Freshmen may be first-year

Two committees looking for ways to improve the freshman experience will recommend that the College change the name of the Freshmen Office to the Office of First-Year Students.

The Intellectual Life and Orientation sub-committees of the Committee on the First-Year Experience will suggest the change in a report they plan to release at the end of the term.

"It looks that parts of the Committee on the First-Year Experience will recommend the change," Dean of Freshmen Peter Goldsmith said.

Goldsmith chairs the Orientation sub-committee and is a member of the Intellectual Life sub-committee.

The First-Year Committee, chaired by Dean of the College Lee Pelton, is also considering creating freshmen residence halls.

Goldsmith said the potential name change is a result of changing times and changing attitudes but is not a response to an overwhelming campus-wide concern. "It is not coming out of a sense of absolute necessity," he said.

"There is a lot in a name," Goldsmith said. "There are reasons why names change over time. More often we refer to adult females as women rather than girls."

"The term 'freshman' connotates images of maleness, where males fulfill certain roles more naturally than women," Goldsmith said.

"My sense of the growing consensus is that we would be better served by a term which would not in any way carry gender-specific connotations," Goldsmith said.

"The same arguments and same issues as [The Dartmouth Outing Club's] Freshman trips being changed to DOC Trips are being made," Goldsmith said.

Goldsmith said making the name change could be complicated by the changes that would occur in the titles of employees in the Dean of Freshmen Office and wherever else freshmen is referred to by the College. Courses called Freshmen Seminars might have to be changed in name as well, he said.

Ryan Carey '96, a member of the Intellectual Life sub-committee, said the change is not large and would help boost the College's image.

"We felt that it is such a minor change and would affect no one," he said. "The change would be something that might help the general atmosphere at Dartmouth. It would make it seem more open and there would be one less term that could be deemed offensive."

The First-Year Committee consists of three sub-committees: intellectual life, orientation and residential life.

The Orientation sub-committee will most likely make a similar recommendation. "The consensus has not been reached formally, but it is likely," Meghan Dunleavy '94, a member of the sub-committee, said.
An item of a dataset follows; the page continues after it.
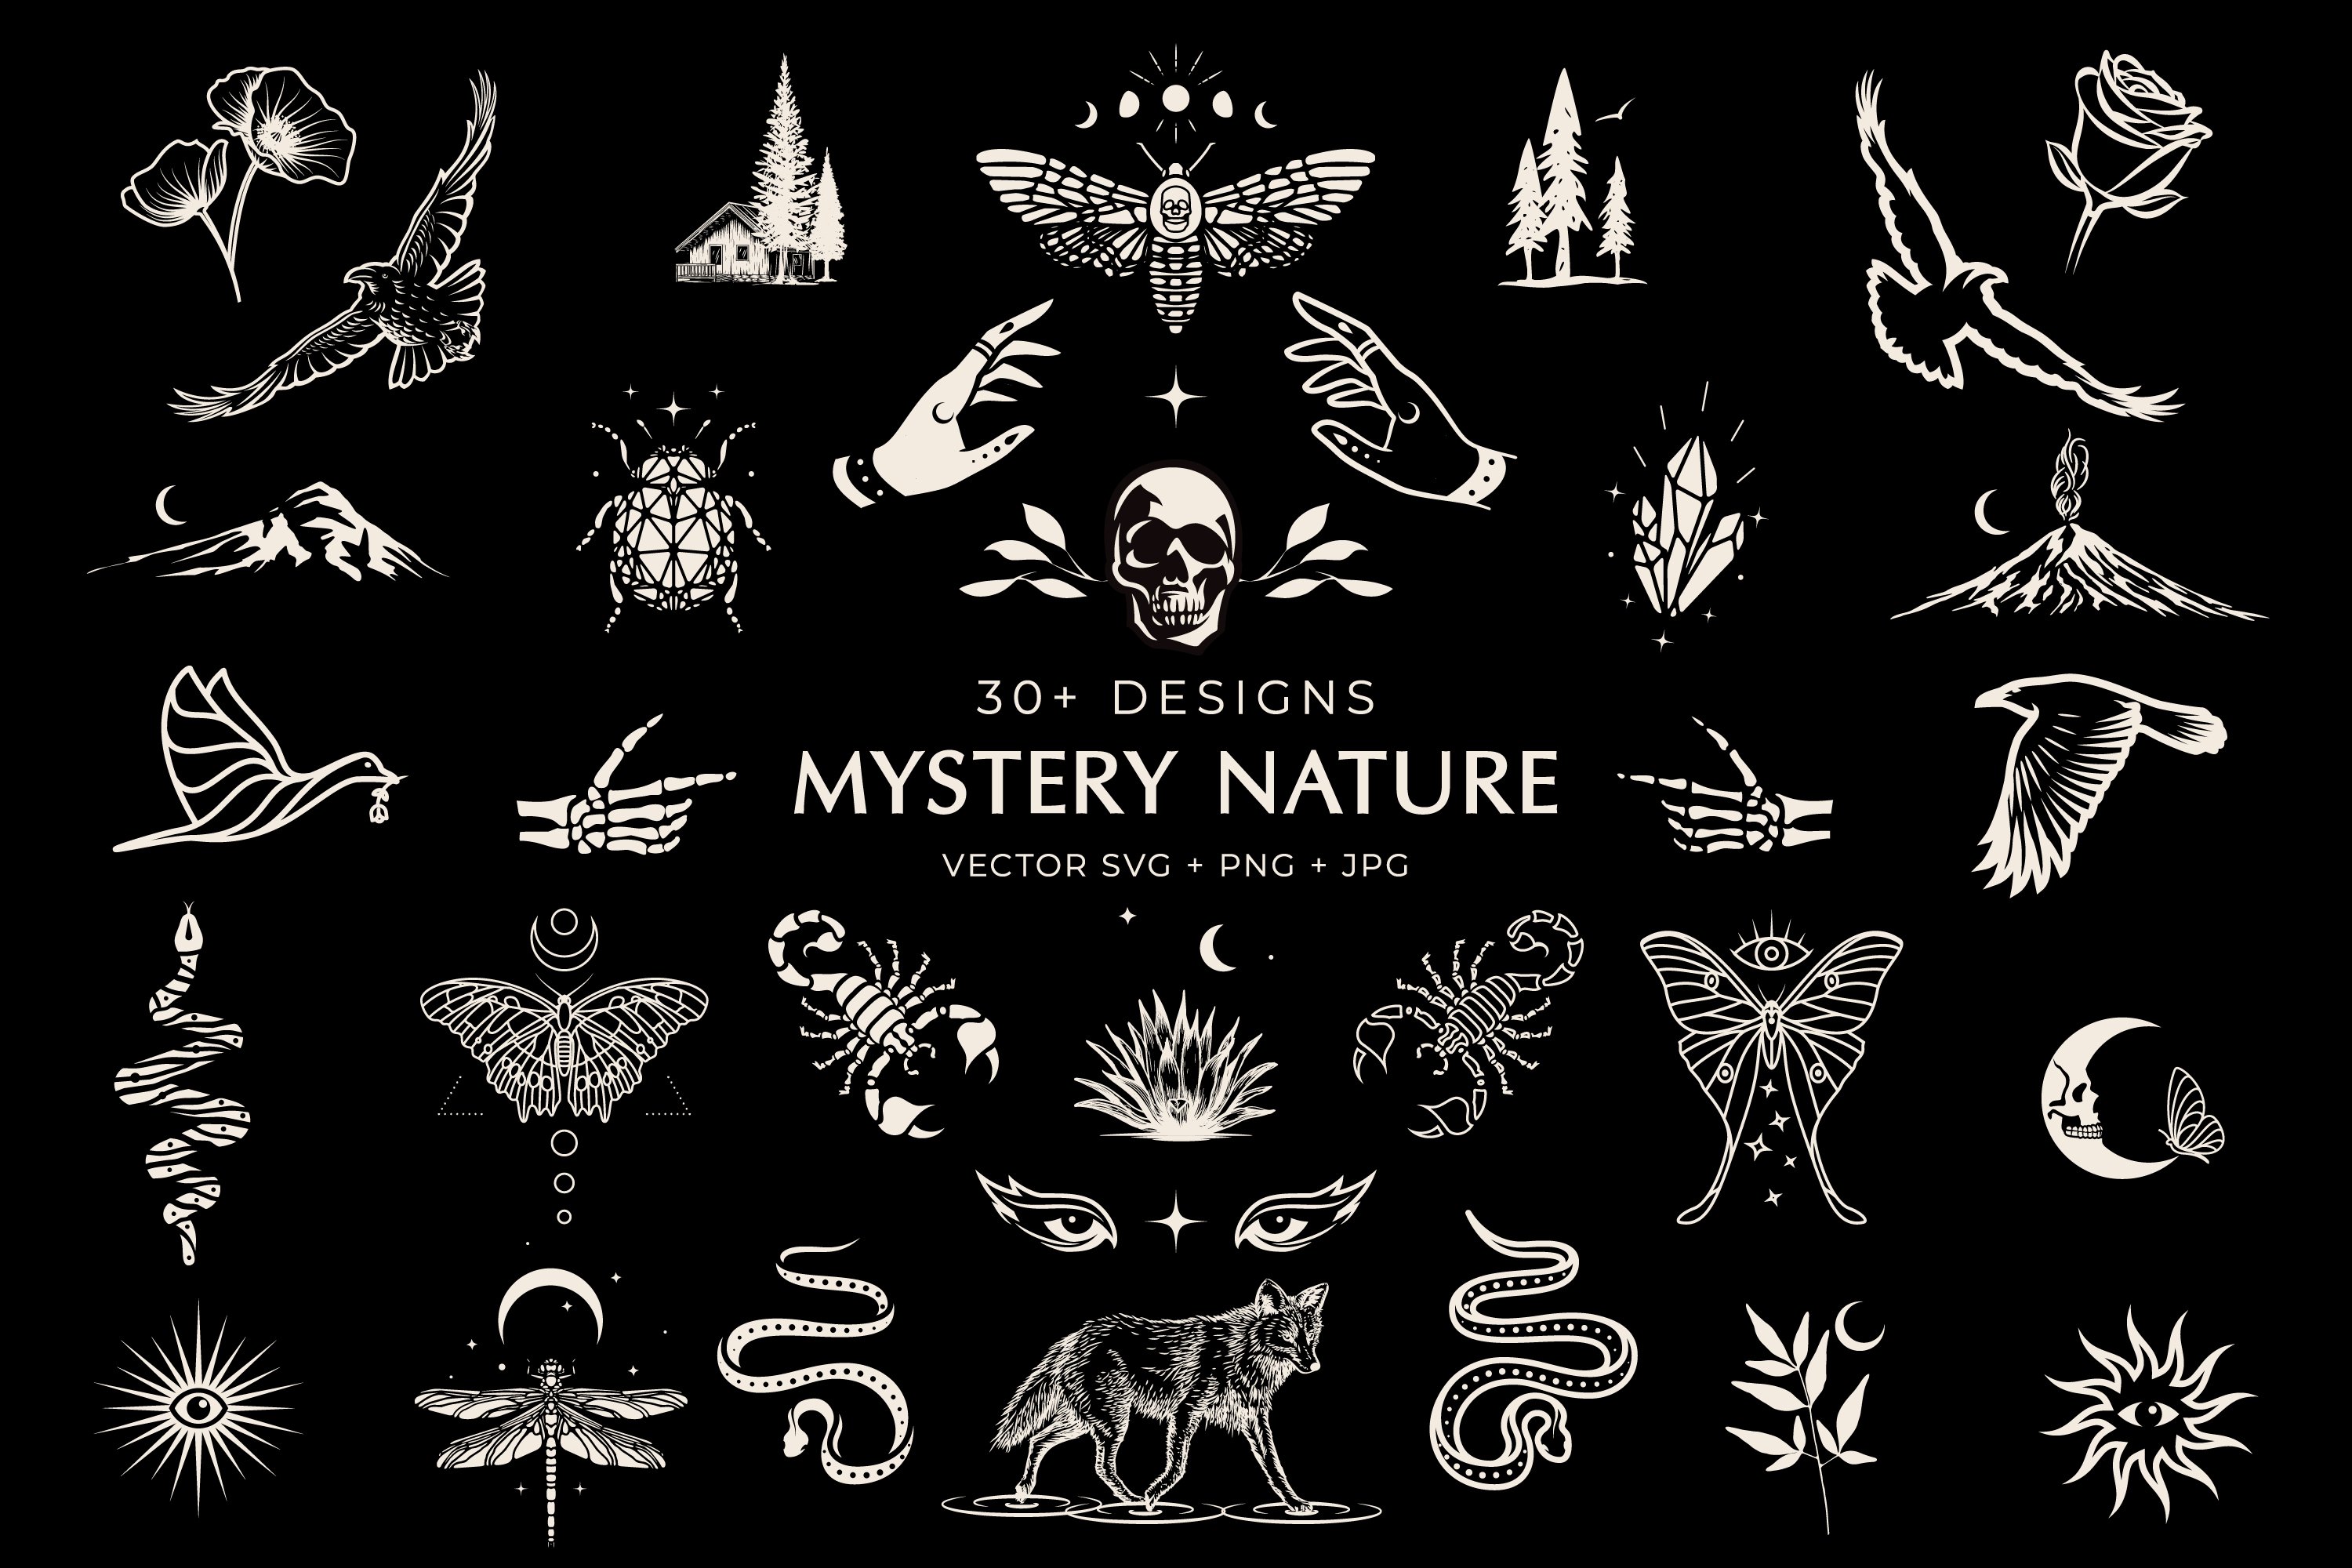 Mystery Nature vector clip art. cover image.

Dunleavy said the change "is something that has been championed by Peter Goldsmith," and is something she believes in as well.

"We call them first-year students when we address them, why don't we just change the name officially?" she said.

Goldsmith said he is uncertain which administrator will have the authority to implement the recommendations made by the committees.

Pelton was out of town and could not be reached for comment.